Er weist darauf hin, dass der Artikel 39 Absatz 3 des brandenburgischen Verfassung noch einen Schritt weiter geht. Er legt fest: "Tiere und Pflanzen werden als Lebewesen geachtet. Art und artgerechter Lebensraum sind zu erhalten und zu schützen." Diese Formulierung habe den Vorteil, dass das Grundgesetz mit der Verwendung des Begriffes "Achtung" im Zusammenhang mit Rechten in der Regel eine subjektiv-rechtliche Rechtsposition anerkenne. Ein Beispiel hierfür sei die Menschenwürdegarantie.

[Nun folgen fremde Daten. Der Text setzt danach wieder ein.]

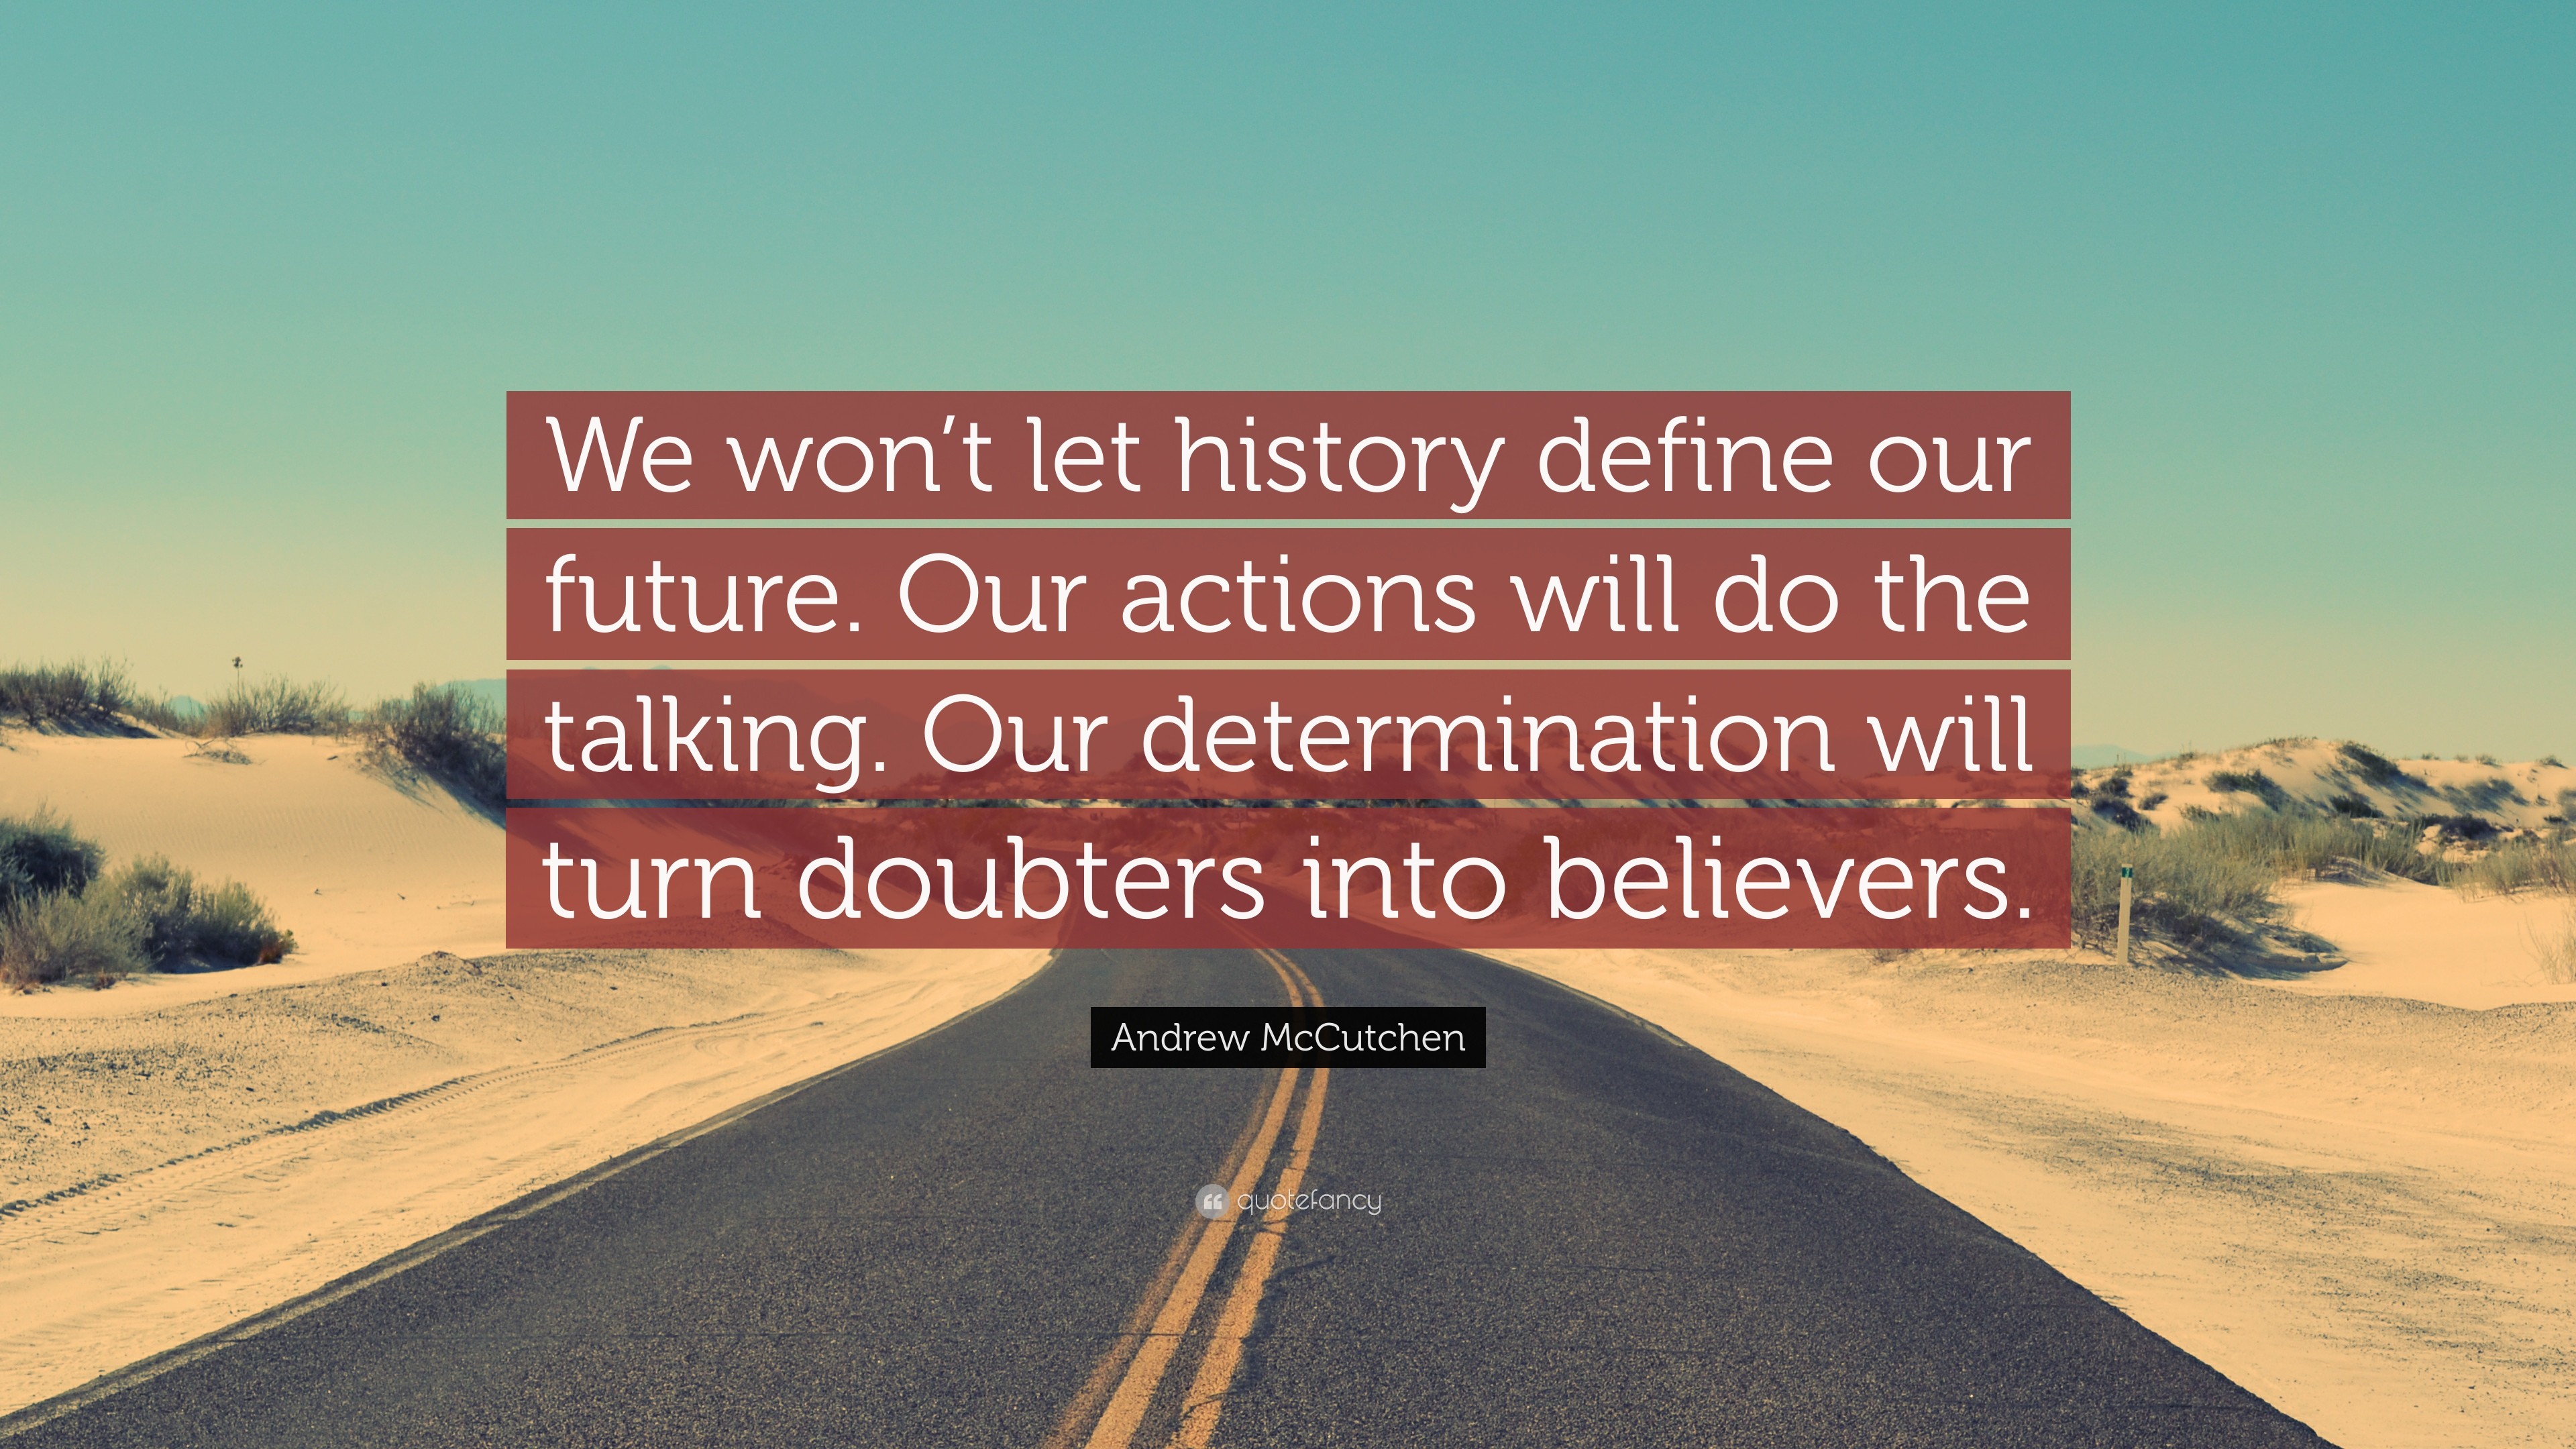 3840x2160 Andrew McCutchen Quote: “We won't let history define our future. Our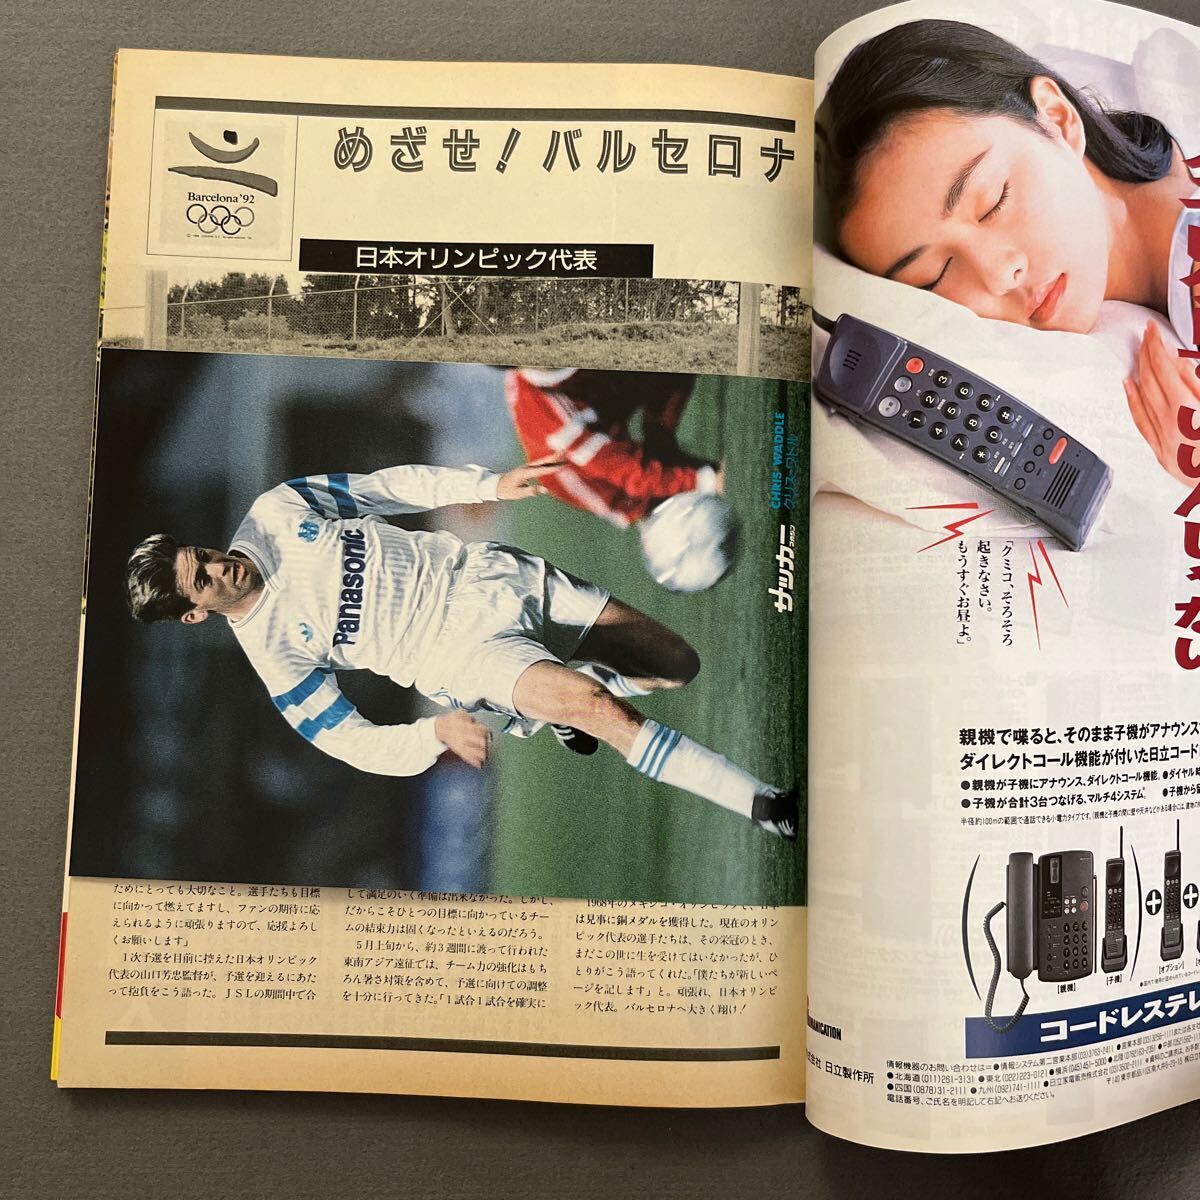  soccer magazine 7 month number * Heisei era 3 year 7 month 1 day issue *No.387* Marseille *JSL* Japan Olympic representative * tuck seal * Chris *wa dollar

Grundrechte auch für die Natur
Zweitens könne der verfassungsändernde Gesetzgeber aber auch folgende an Artikel 19 Absatz 3 Grundgesetz orientierte Regelung in das Grundgesetz aufnehmen: "Die Grundrechte gelten auch für die Natur, soweit sie ihrem Wesen nach auf diese anwendbar sind". Auch in diesem Fall wäre es wichtig, dass in der Begründung der Verfassungsänderung klar gestellt würde, dass der Begriff der Natur weit zu verstehen ist und damit Tiere Pflanzen und Umwelt Medien umfasst. Dieser zweite Regelungsvorschlag würde sehr viel weiter als die oben genannte erste Regelungsalternative gehen.
Recht sind der Schlüssel zur modernen Gesellschaft
Kerstens stellt am Ende zusammenfassend fest: "Rechte sind der Schlüssel zur modernen Gesellschaft. Deshalb liegt die Antwort auf die ökologischen Herausforderungen des Artensterbens, der Globalvermüllung und des Klimawandels nicht in einer Kritik der Rechte sondern in einer verfassungsmäßig verankerten Anerkennung der Rechte der Natur - als Ausdruck eines neuen ökologischen Liberalismus im Anthropozän.
Auch wenn dies nicht in jedem Einzelfall bedeute, dass die Natur mit ihren Anliegen vor Gericht ob siegen würde. Denn auch unter diesen Rahmenbedingungen wäre im Einzelfall eine Abwägung zwischen den Rechten und Interessen des Menschen gegenüber den Ansprüchen und Erfordernissen des Naturschutzes erforderlich.